Exercise goal: Begin the copy at the line containing "50 Poker-Chips Wert" and end it at the final line of the material below, reproducing each line exactly, without images.

Data block:
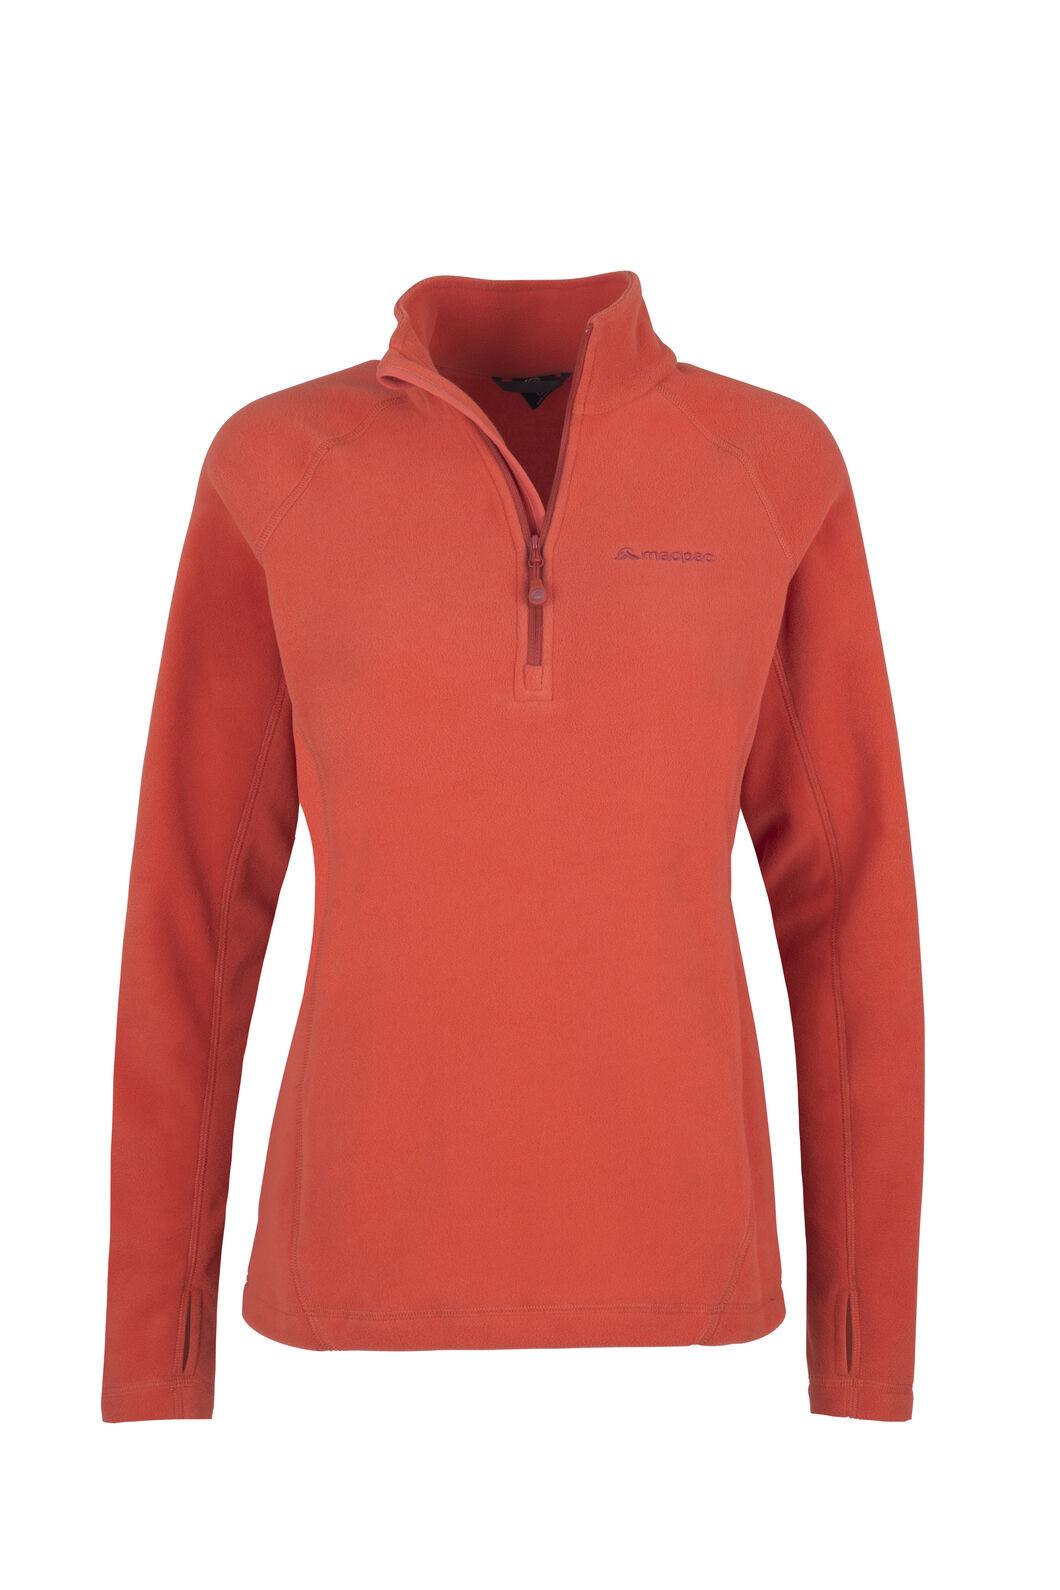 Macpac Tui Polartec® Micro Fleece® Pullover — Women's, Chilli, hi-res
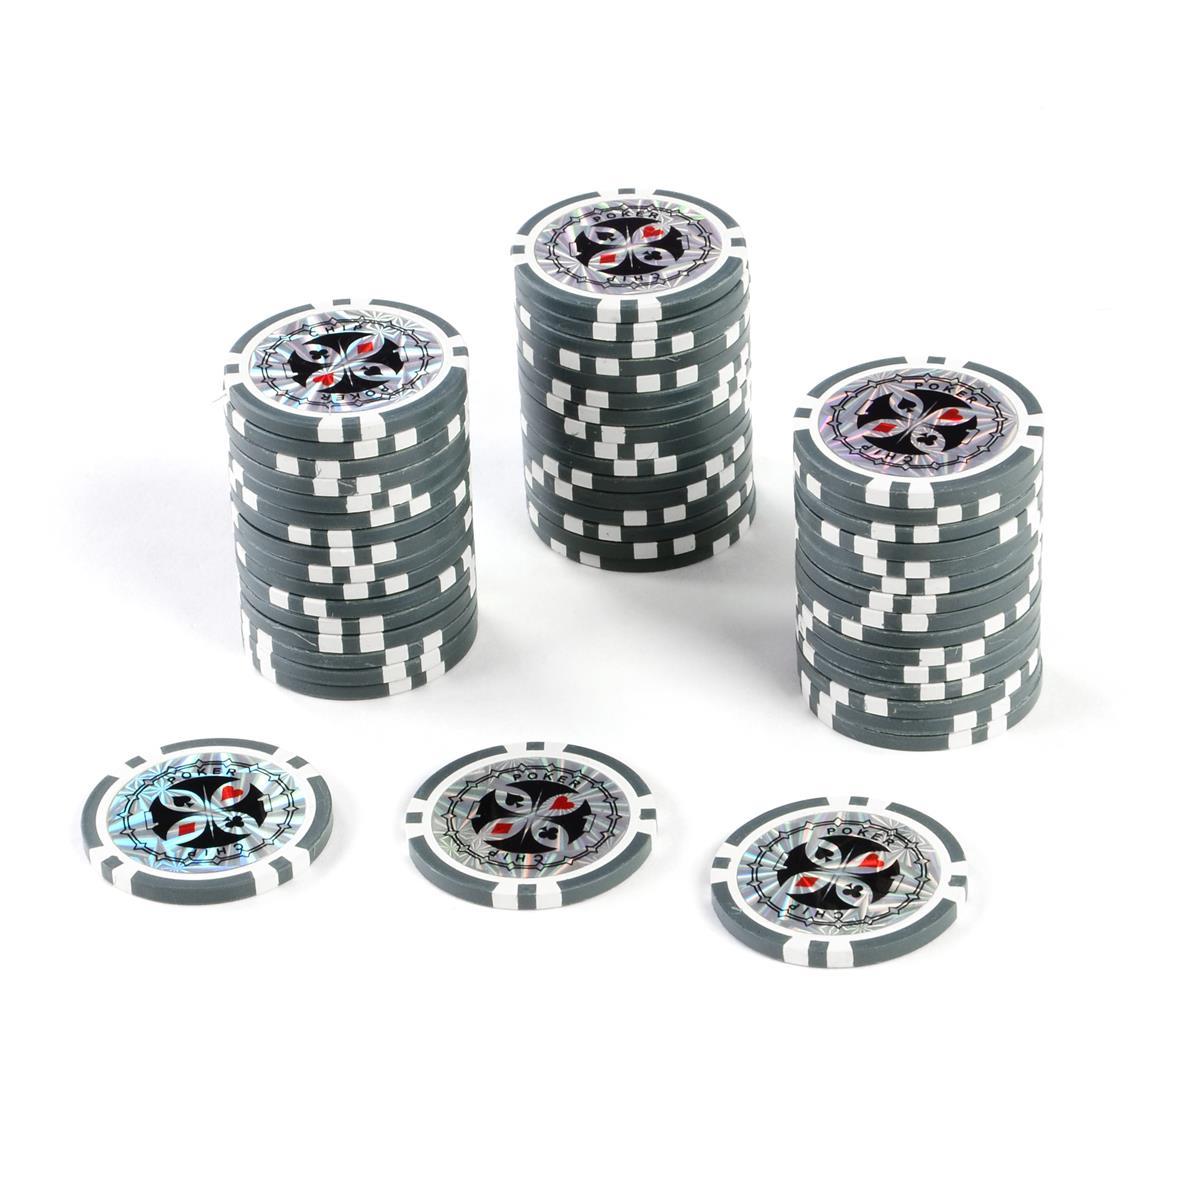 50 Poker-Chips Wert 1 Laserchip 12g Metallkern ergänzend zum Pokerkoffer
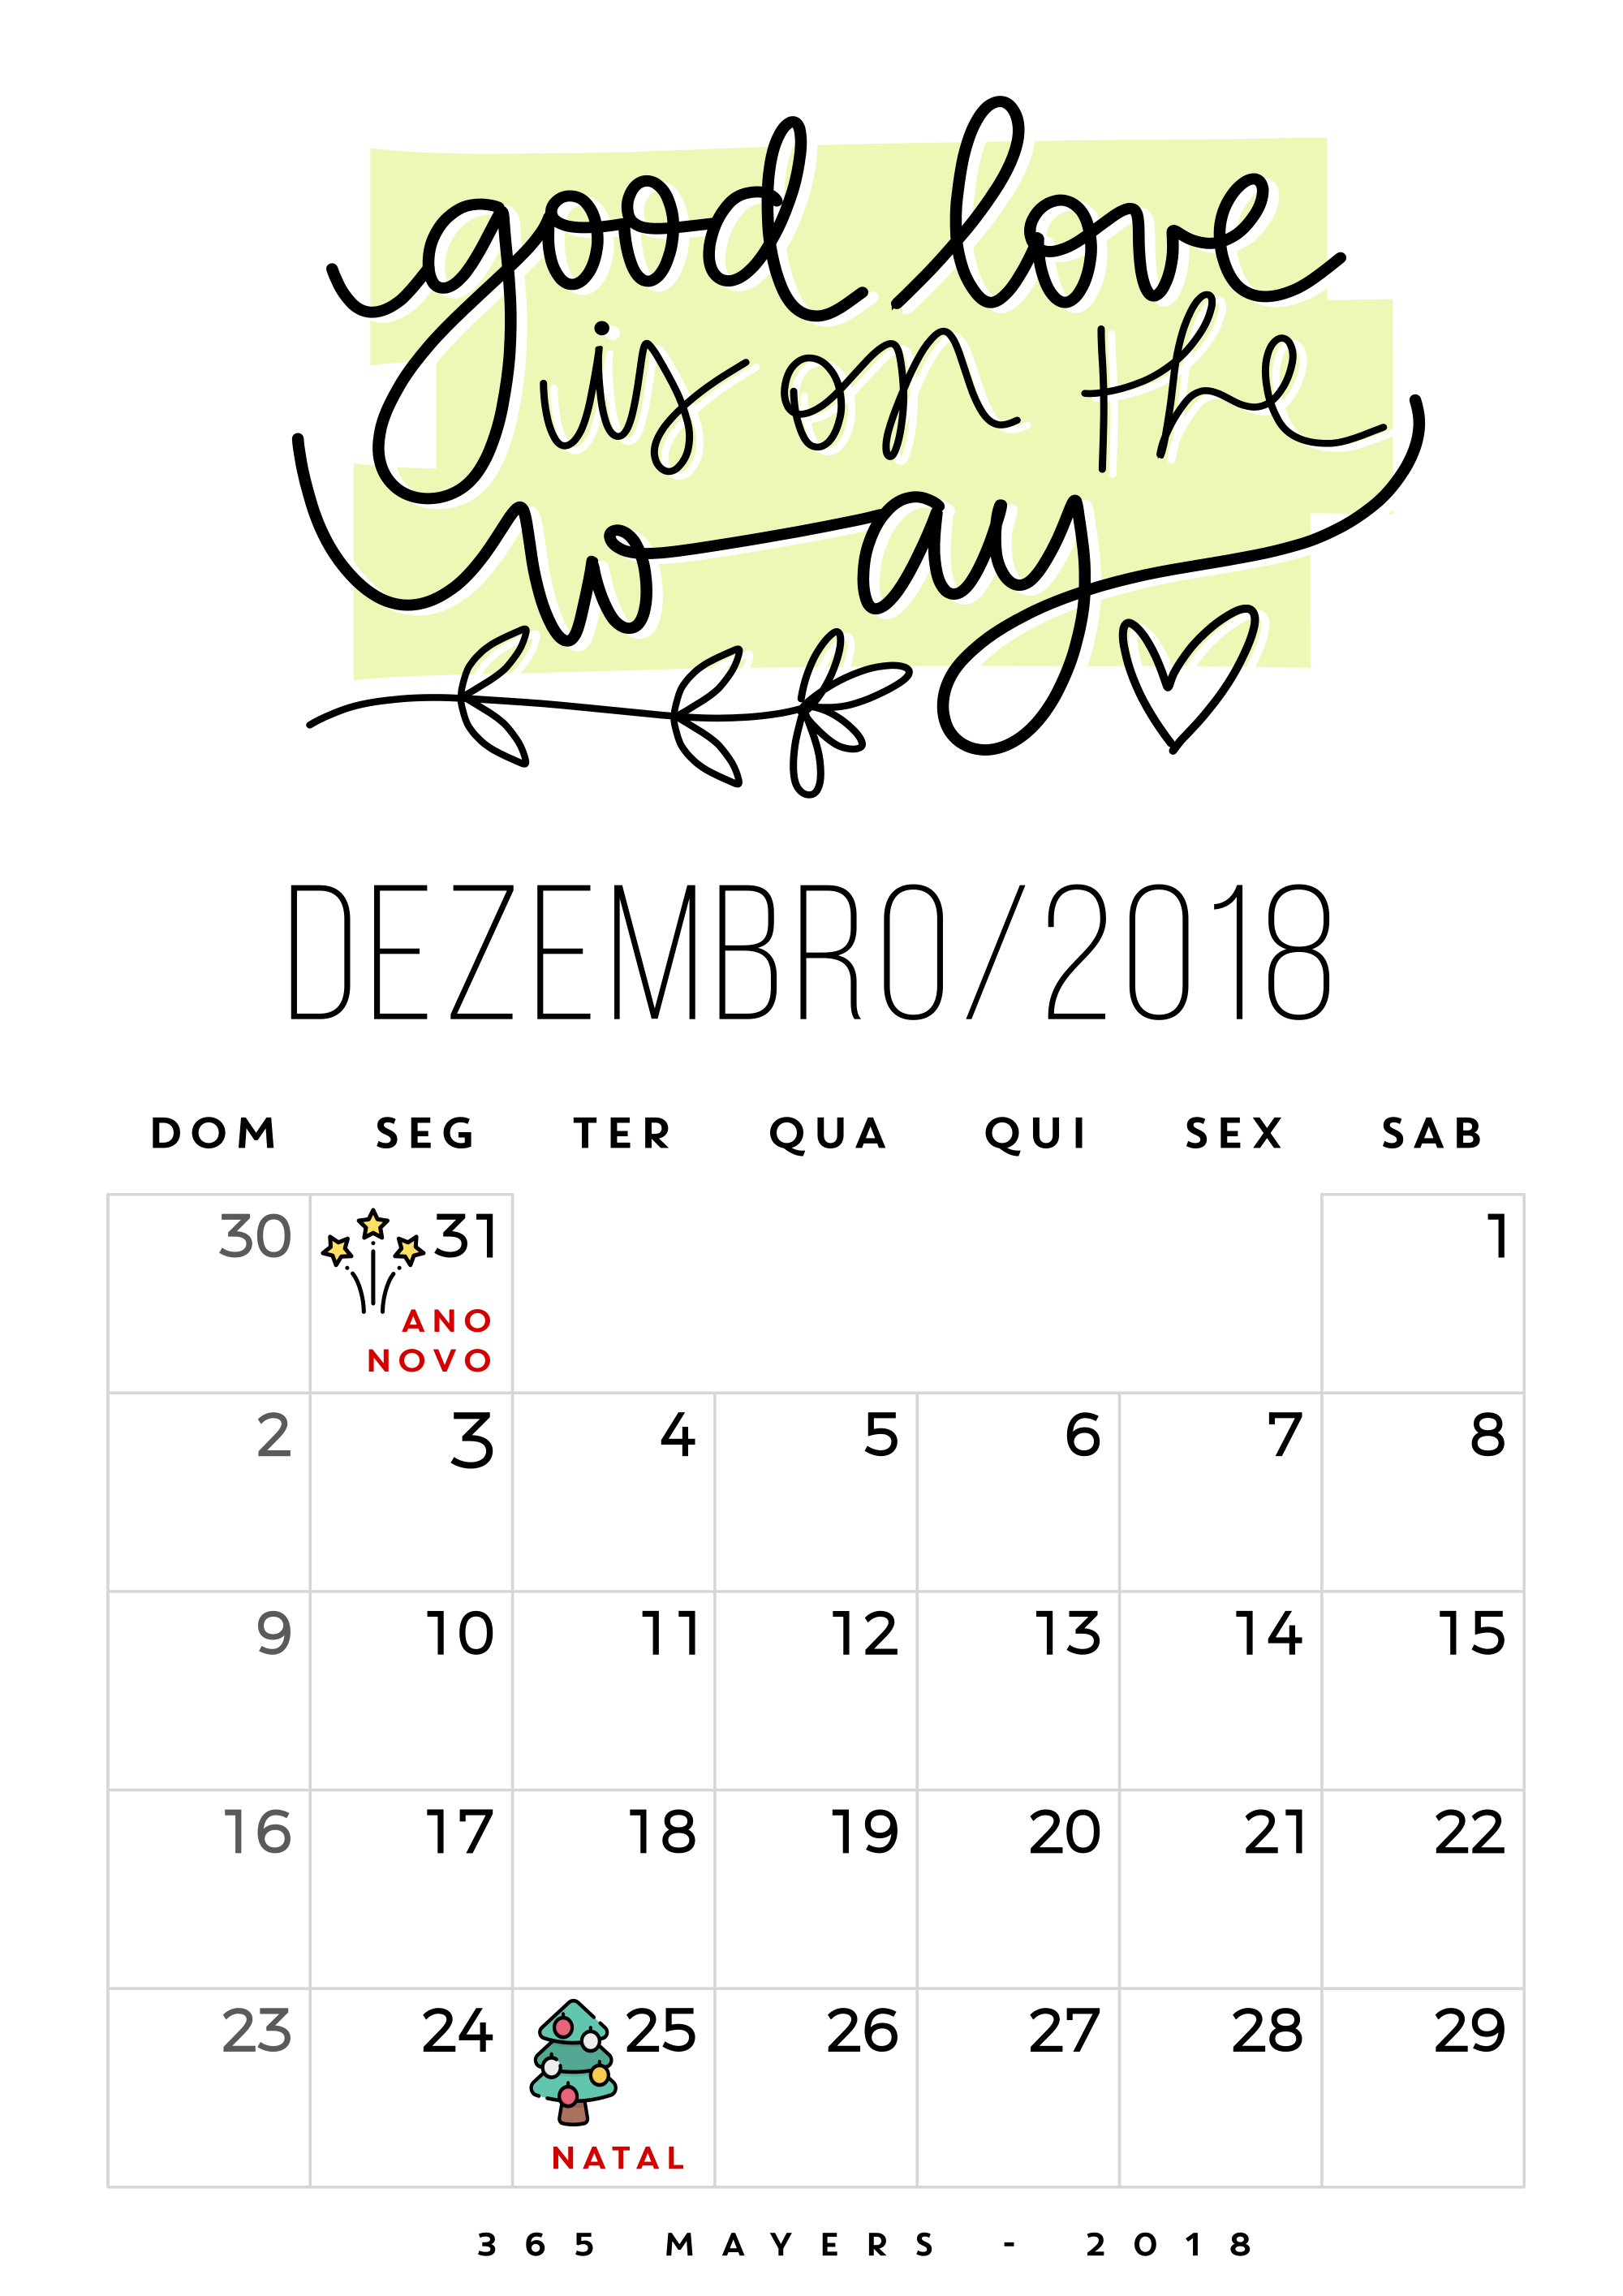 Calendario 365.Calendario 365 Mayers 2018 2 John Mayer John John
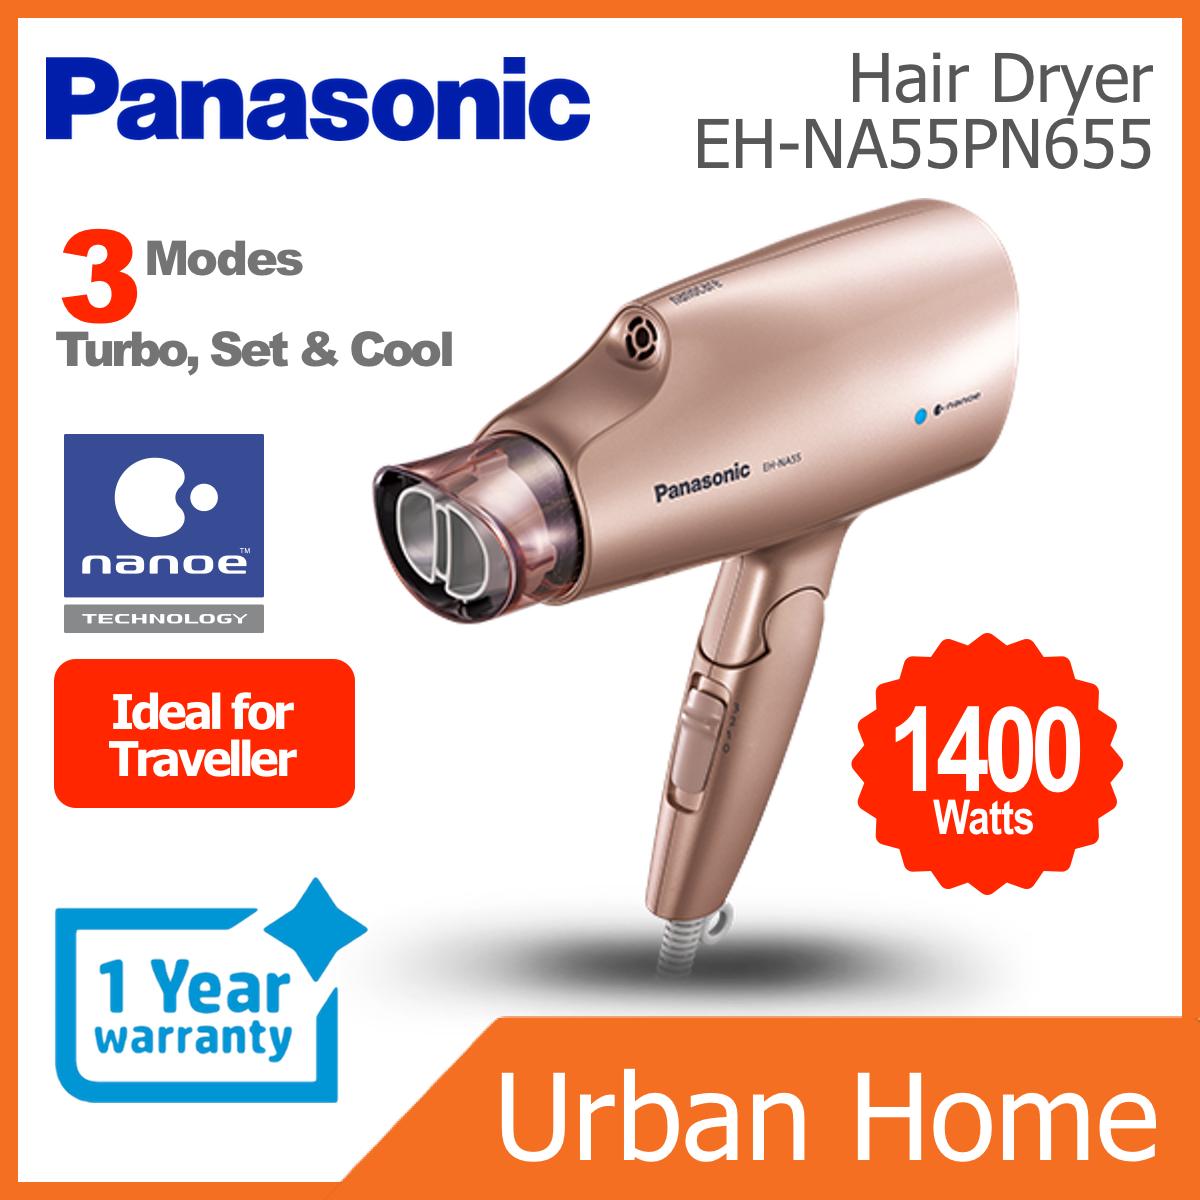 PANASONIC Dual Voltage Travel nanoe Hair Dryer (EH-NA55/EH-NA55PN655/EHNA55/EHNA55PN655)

Solution for this task:
 50 Poker-Chips Wert 1 Laserchip 12g Metallkern ergänzend zum Pokerkoffer
 Calendario 365.Calendario 365 Mayers 2018 2 John Mayer John John
 PANASONIC Dual Voltage Travel nanoe Hair Dryer (EH-NA55/EH-NA55PN655/EHNA55/EHNA55PN655)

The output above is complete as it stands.